Wednesday, March 30, 2011

Bling (Revised, with Paragraphs!)

My mom was acting strangely, even for her. We were back in her apartment after having dinner at the same restaurant where she has the same percentage of the same dinner at the same table every Sunday at five o'clock on the dot. Have I mentioned she's a creature of habit?

Anyway, I can always count on her going about her usual business, which will include, in this particular order, checking the voice mails she can barely hear and complaining about all the pain in the ass phone calls, returning all the pain in the ass phone calls because to not do so immediately would just be wrong, checking her emails and complaining about all the silly Internet jokes and laughing out loud at each one, changing from her St. John suit into her ratty old house dress, pressing her St. John suit and lovingly hanging it up, and finally, removing her makeup and performing some excruciating cleansing ritual on her teeth. Then, and only then, she might join me in the living room where I am sprawled on the couch watching some mindless television, still dressed and still in a food coma.

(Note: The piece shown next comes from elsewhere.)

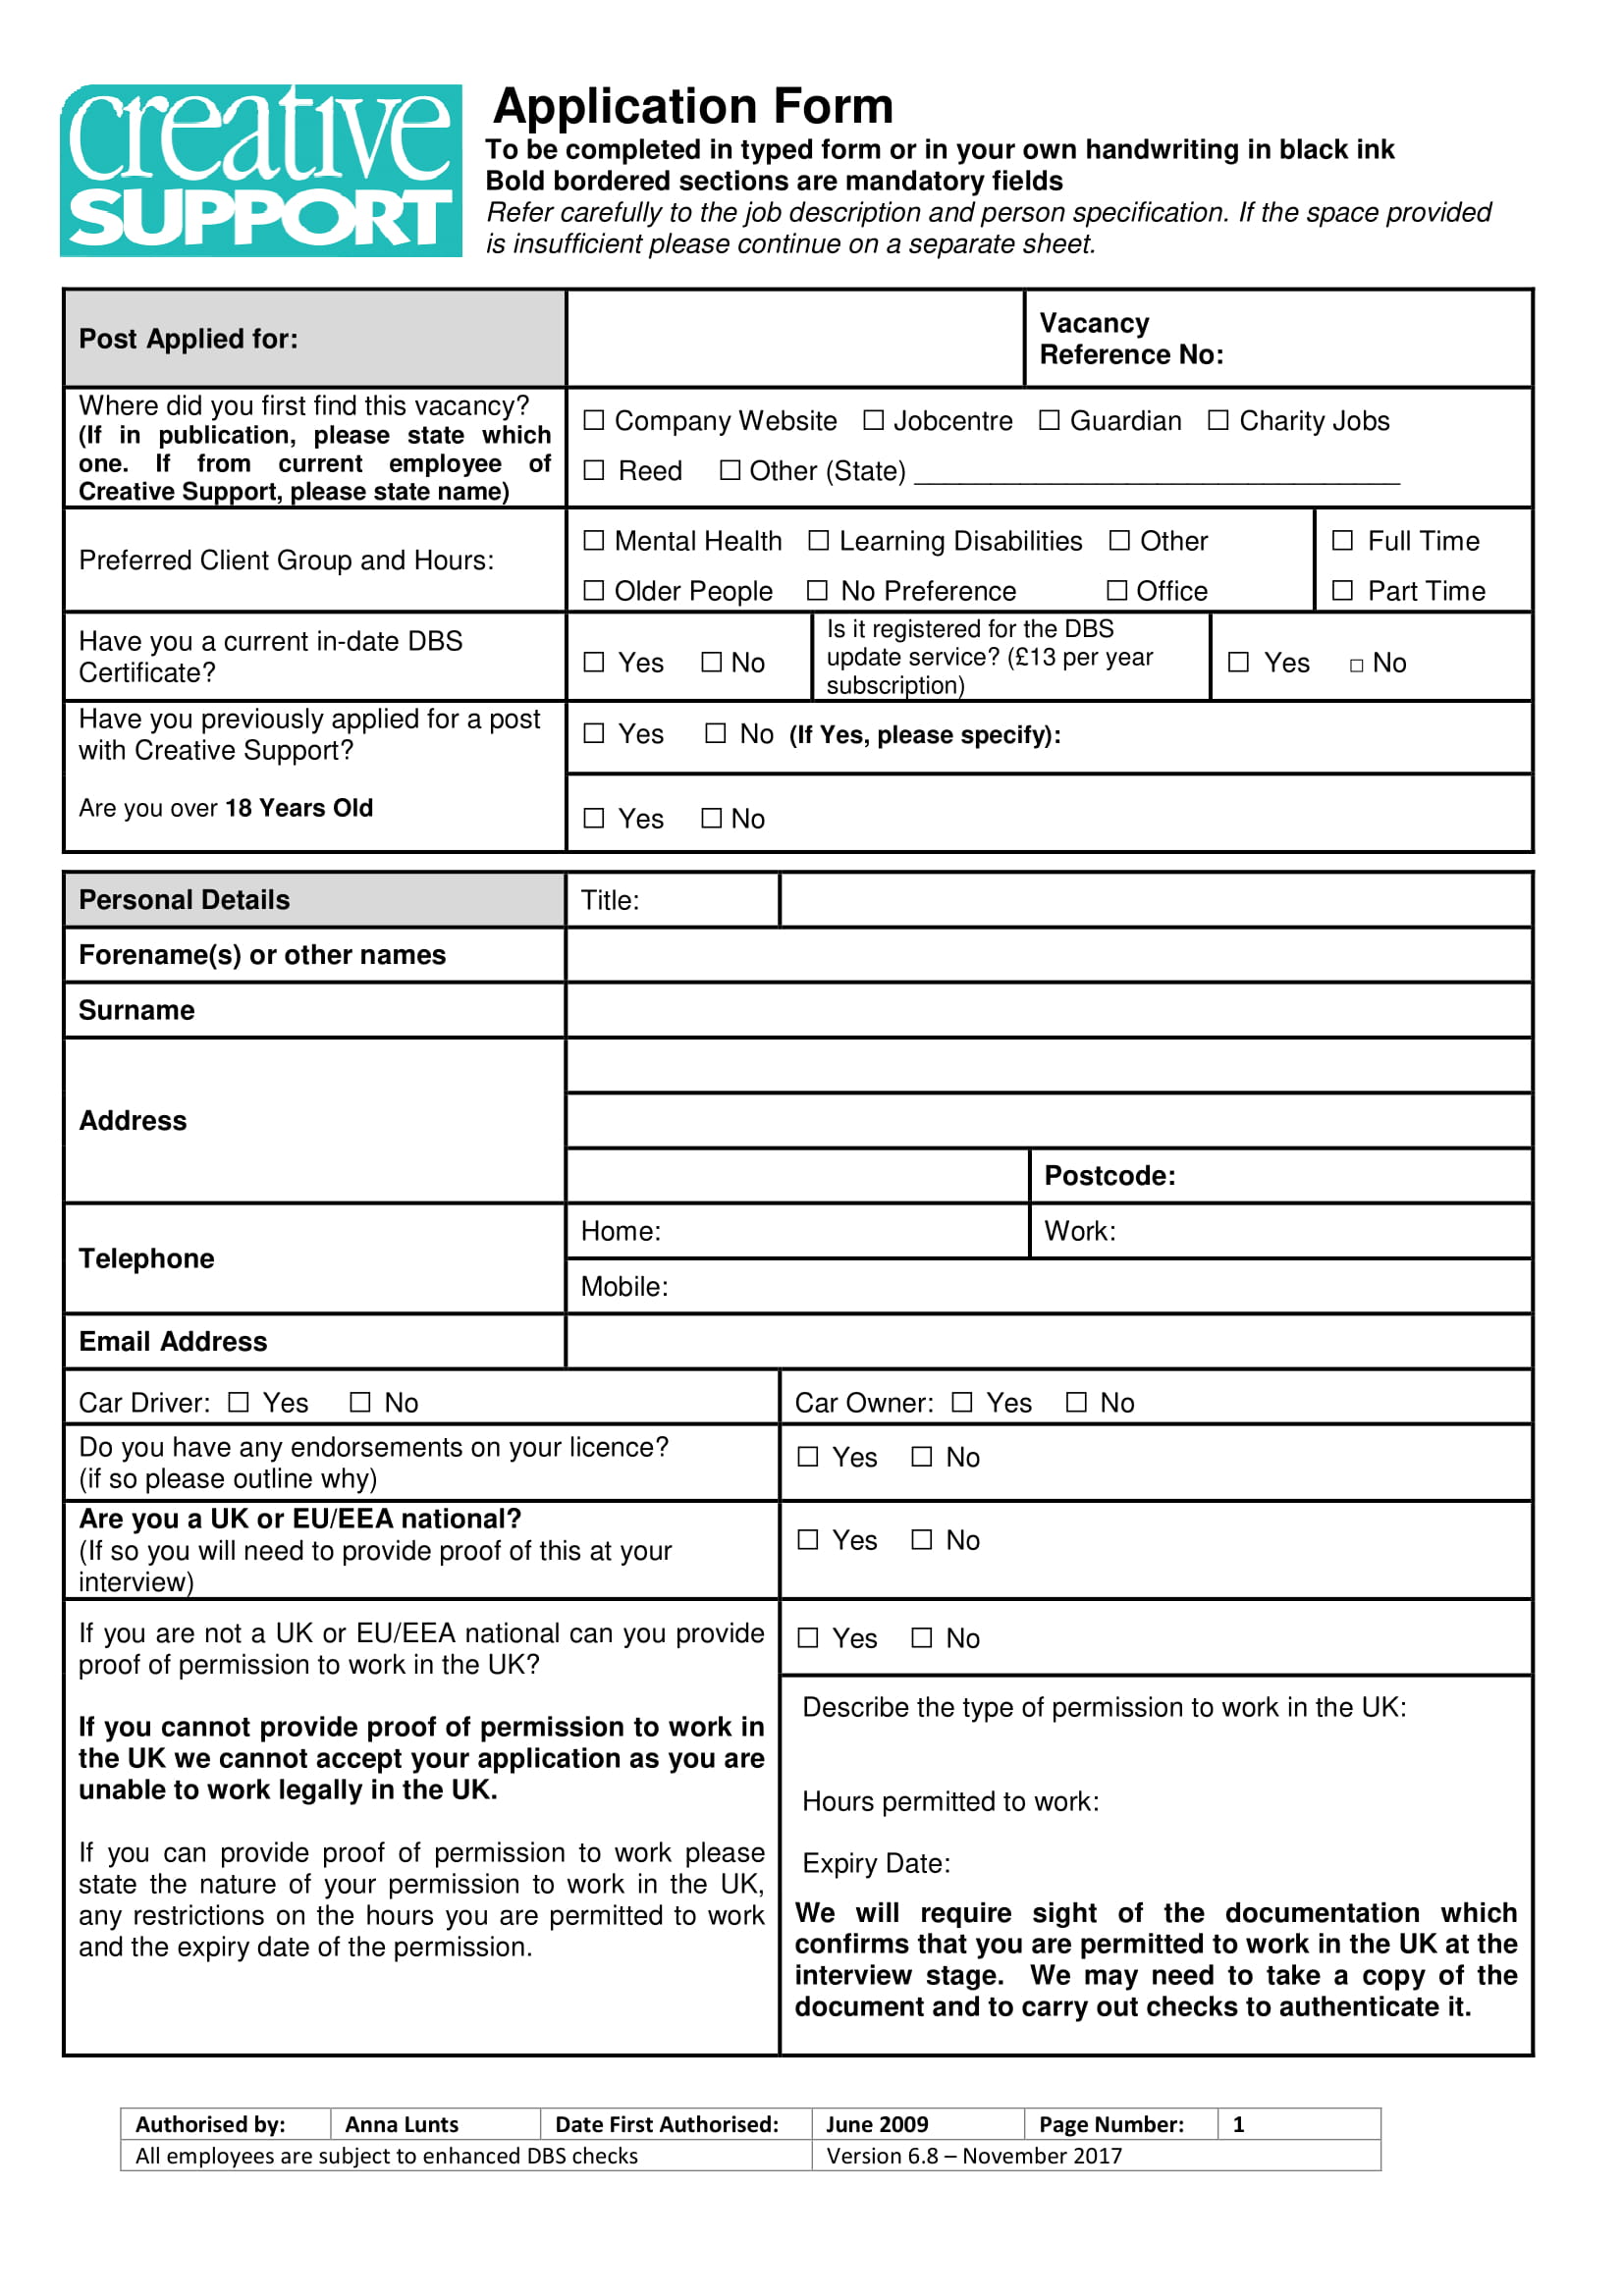 Sample job application forms filled

I have grown to depend on her utter predictability as much as she herself relies on the security of her daily rituals to make sense of her life, so when there is a breach of protocol, I get a bit thrown. Particularly when the breach seems to involve an inordinate amount of discussion about her potentially imminent demise. I know she is neither sick nor expecting to be hospitalized for any reason any time soon; if she were, she would have purchased a new nightgown -- complete with something she calls a bed coat (wtf?) -- and it would be sitting on the love seat in her bedroom, ready to be grabbed on her way out the door. One must have new bed attire for the hospital. I am not making this up. I speak from experience.

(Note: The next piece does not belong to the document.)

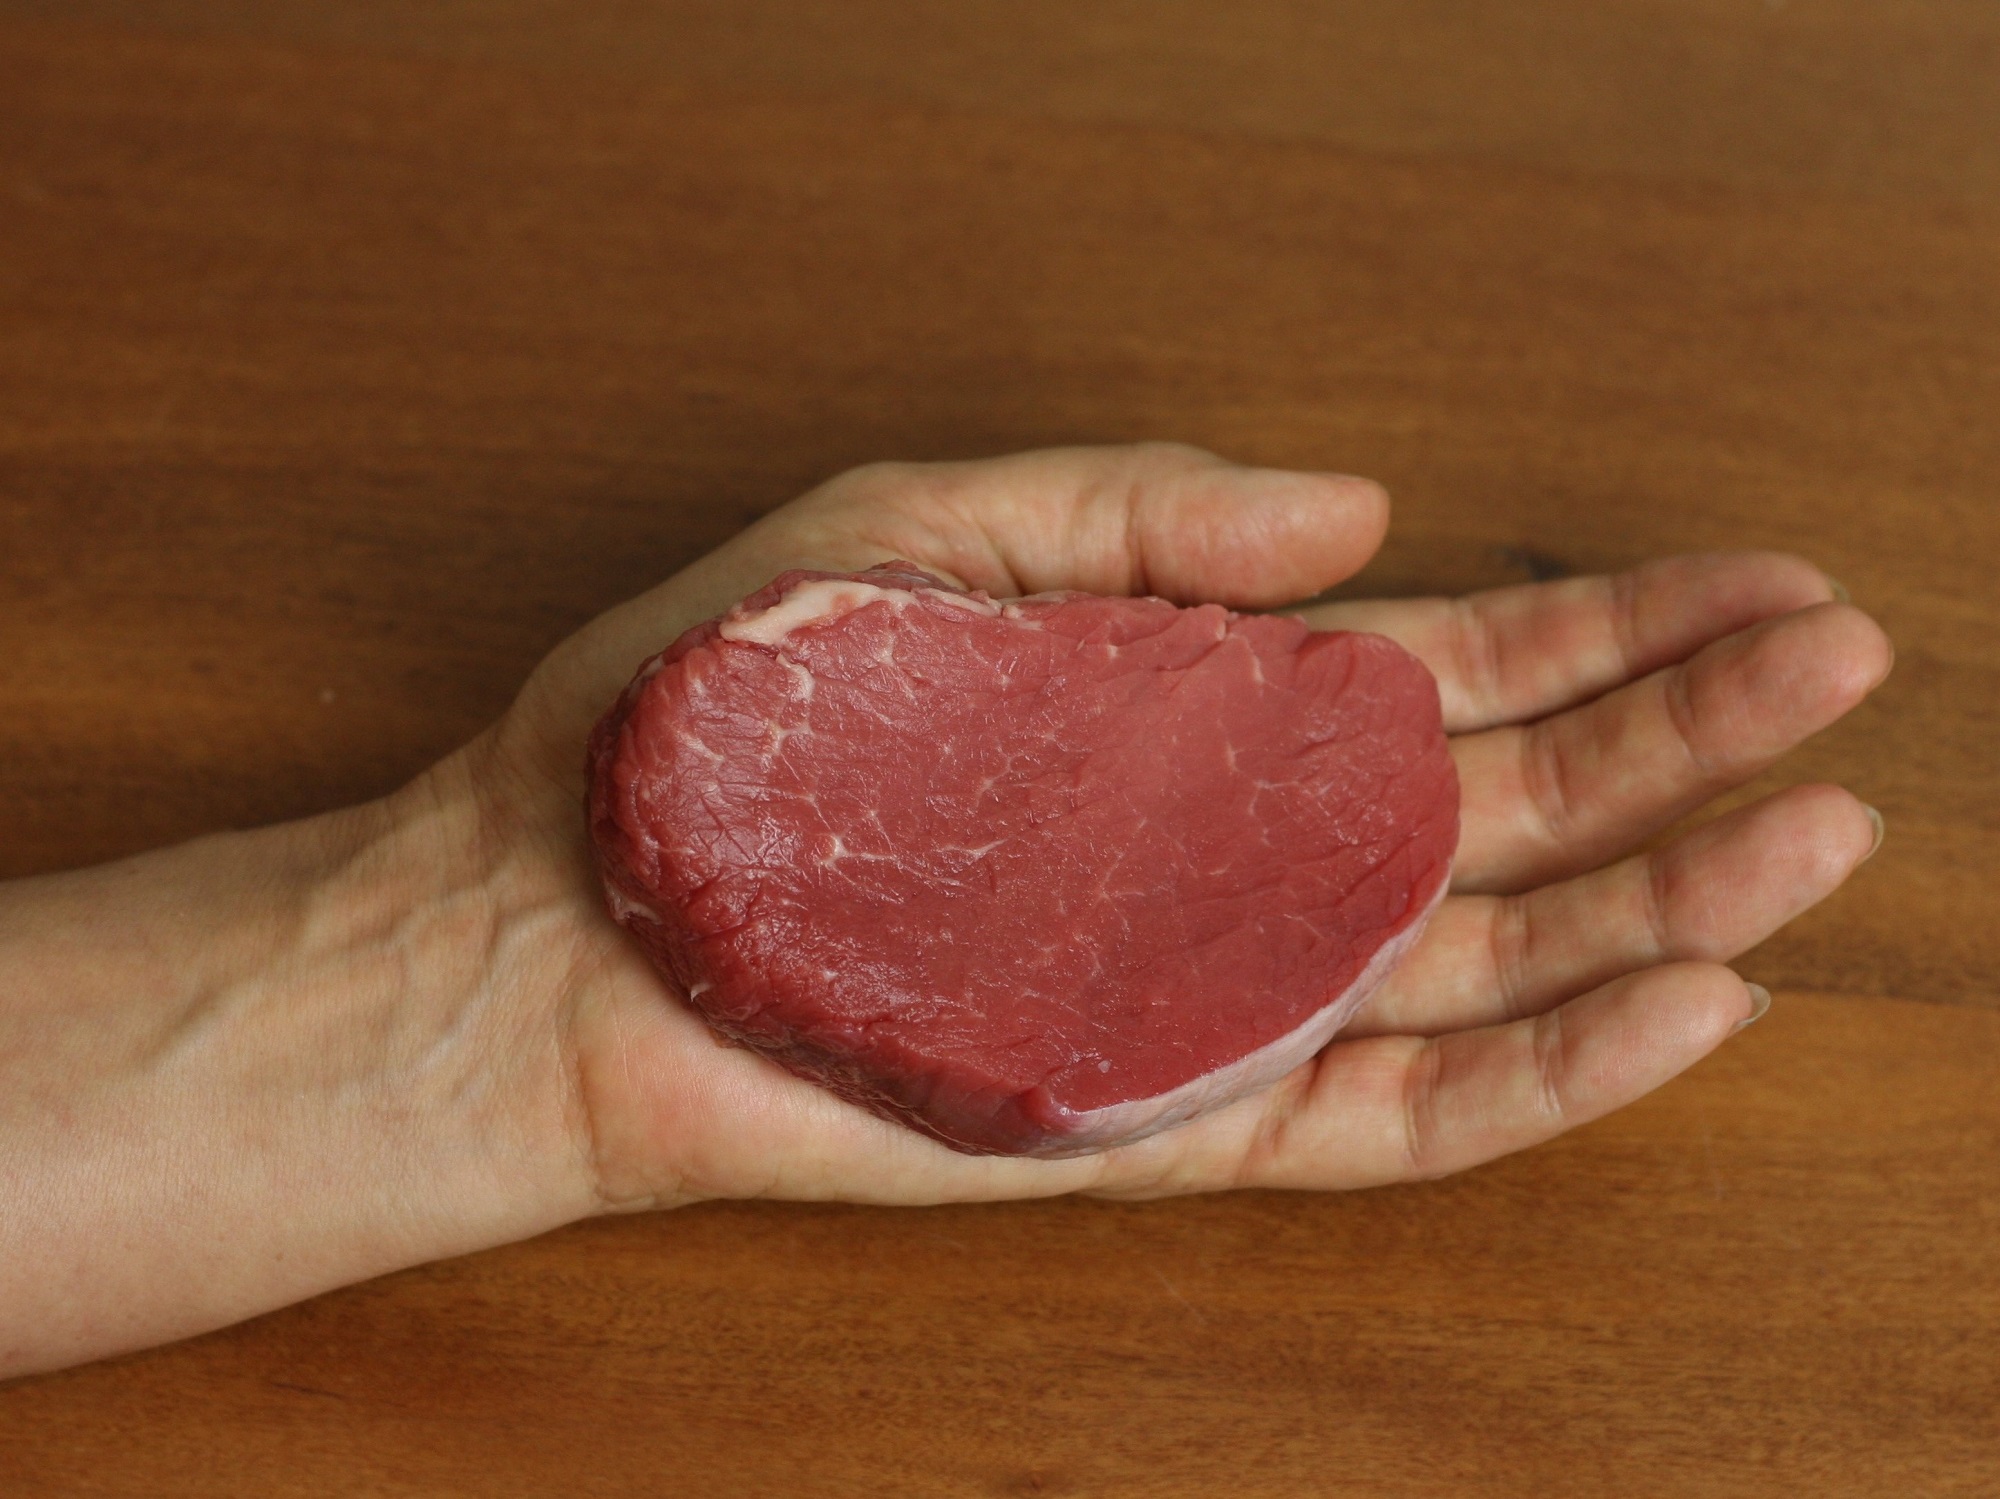 Meat raw serve size 150g

Apparently, she recently heard someone exactly her age claim that she was at the end of her life. I'm sure the deaths of Elizabeth Taylor and Geraldine Ferraro this week didn't help. My mom, god love her, is addressing her mortality as she addresses everything else: with a keen materialistic eye. So there I was, minding my own business and just beginning to slip into couch potato mode, and she appeared, having postponed at least a half dozen routines, dumping little velvet pouches of fine jewelry on the table in front of me. All stuff I will never wear, but she wanted me to help her decide what to sell (she'll never do it) and make sure I would hold on to certain pieces, just so I'd remember her. As if!

It's not something I want to think about, but, faced with her glittering array of eighteen carat gold and diamonds, I realized I can't imagine life without her and her outsized, conspicuously costly baubles. And the baubles alone will be a very poor substitute.

She and her crazy rituals are the few things in life I could always count on.